Трейси ожидал, что после доклада начнется дискуссия, но этого не произошло. Его недоумение разрешили слова председателя:

— К сведению тех, кто присутствует здесь впервые, должен сообщить, что, в соответствии с нашим обыкновением, сегодняшний доклад будет обсуждаться на следующем собрании клуба. Мы делаем это для того, чтобы дать возможность нашим членам подготовиться и изложить свои соображения на бумаге, так как мы ведь в большинстве своем люди рабочие и не привыкли говорить. Поэтому нам надо сначала написать свое выступление.

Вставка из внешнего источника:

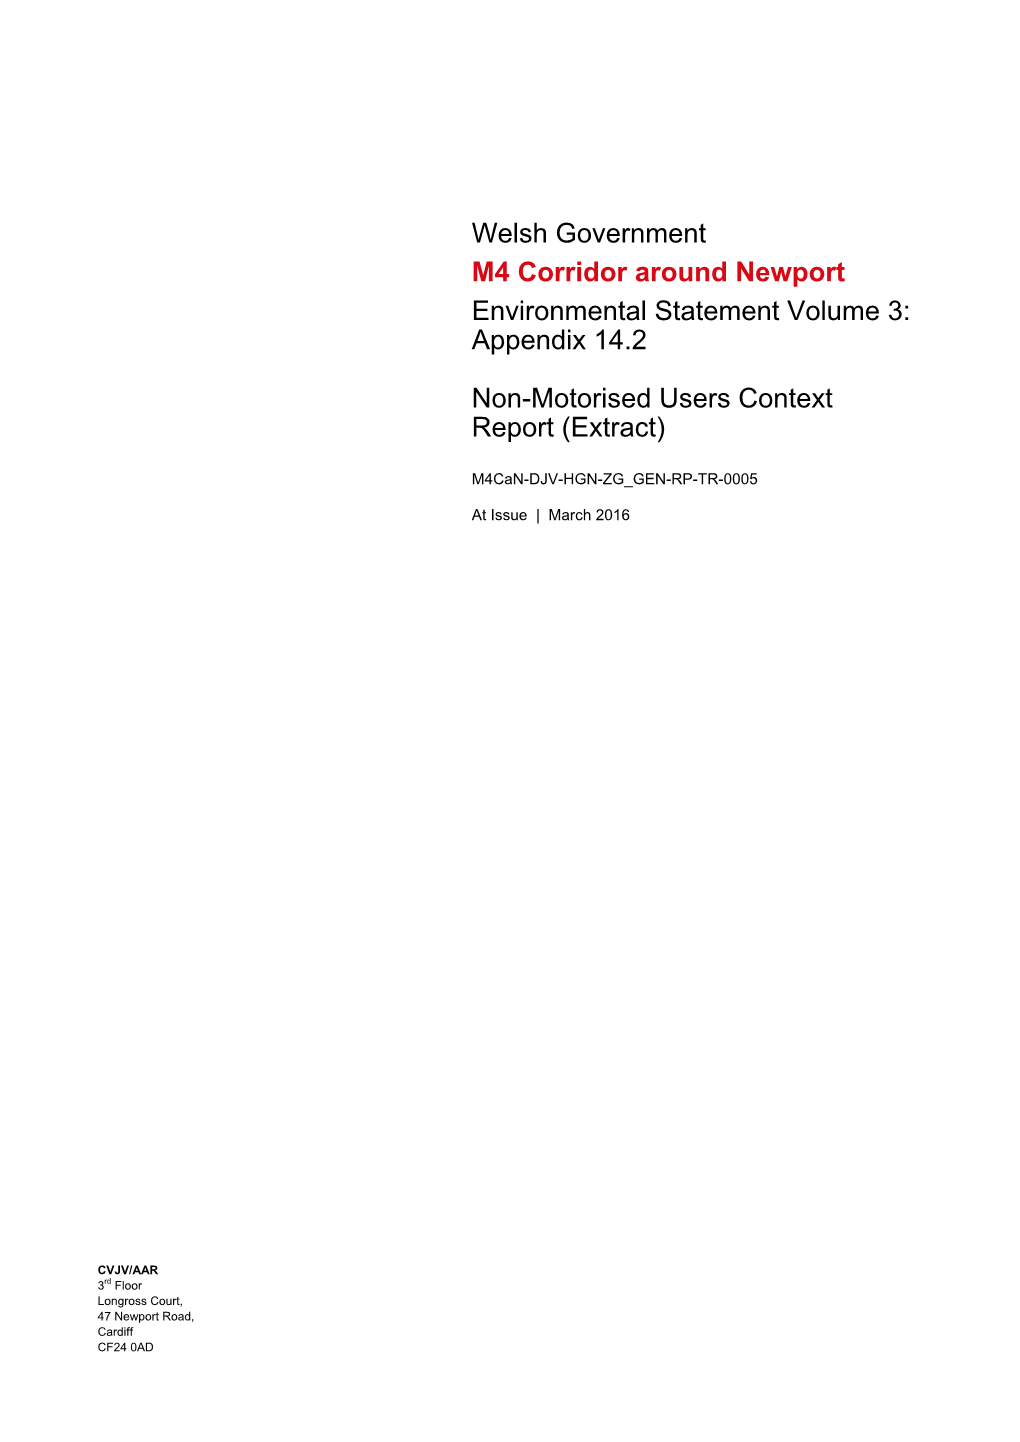 Welsh Government M4 Corridor Around Newport Environmental Statement Volume 3: Appendix 14.2 Non-Motorised Users Context Report

Затем было зачитано множество соображений по предыдущему докладу и высказано несколько суждений на данную тему. Доклад этот делал некий заезжий профессор, превозносивший университетское образование и доказывавший, какую огромную пользу получает от него вся нация. Один из выступавших — человек довольно пожилой — заявил, что он не получил университетского образования, что для него университетом была типография, откуда он перешел на работу в бюро патентов и вот уже сколько лет выполняет там обязанности клерка. Далее он сказал:

— Докладчик противопоставлял Америку сегодняшнего дня Америке прошлого, — с тех пор страна наша, конечно, далеко шагнула вперед. Но мне кажется, он несколько переоценил ту роль, какую сыграло в этом университетское образование. Нетрудно доказать, что университеты, бесспорно, немало сделали для развития нашей духовной культуры — здесь их вклад весьма внушителен; но, я думаю, вы согласитесь с тем, что наш материальный прогресс гораздо внушительнее. Я просмотрел список изобретателей творцов нашего удивительного материального развития. — и обнаружил, что, как правило, эти люди не кончали университетов. Конечно, есть исключения, вроде, например, профессора Генри из Принстонского университета, изобретателя телеграфной азбуки мистера Морзе, но таких — единицы. Без преувеличения можно сказать, что потрясающее развитие материальной культуры в нашем веке — единственном веке, с тех пор как изобретено летосчисление, в котором стоило родиться, — является плодом деятельности людей, не имеющих университетского образования. Нам кажется, будто мы видим, что создали эти изобретатели, — на самом же деле, мы видим лишь то, что доступно зрению, так сказать фасад их работы; а за ним скрывается нечто куда более значительное, но недоступное беглому взгляду. Ведь эти люди переродили наш народ, как бы создали его заново, — образно выражаясь, настолько умножили его, что нет цифр, с помощью которых можно было бы это подсчитать. Сейчас я поясню свою мысль. Чем измеряется население страны? Только ли количеством кулей с мясом и костями, которые учтивости ради именуются мужчинами и женщинами? Можно ли считать равноценными миллион унций меди и миллион унций золота? А потому возьмем более правильное мерило — то, какой вклад вносит человек в свою эпоху и в достояние своего народа; иными словами: сколько он может создать ценностей. Затем подсчитаем, насколько больше современный человек создает ценностей, чем его дед, и помножим это на количество людей, населяющих сегодня нашу страну. Так вот, если мы подойдем к проблеме населения с таким мерилом, то окажется, что наш народ два или три поколения тому назад состоял из одних калек, паралитиков и живых трупов по сравнению с людьми сегодняшнего дня. В 1840 году население нашей страны равнялось 17 миллионам. Для большей наглядности предположим, что 4 миллиона из этих 17 составляли старики, малые дети и прочий нетрудоспособный элемент, а остальные 13 миллионов распределялись по следующим профессиям:

2 миллиона — рабочие хлопкоочистительных фабрик.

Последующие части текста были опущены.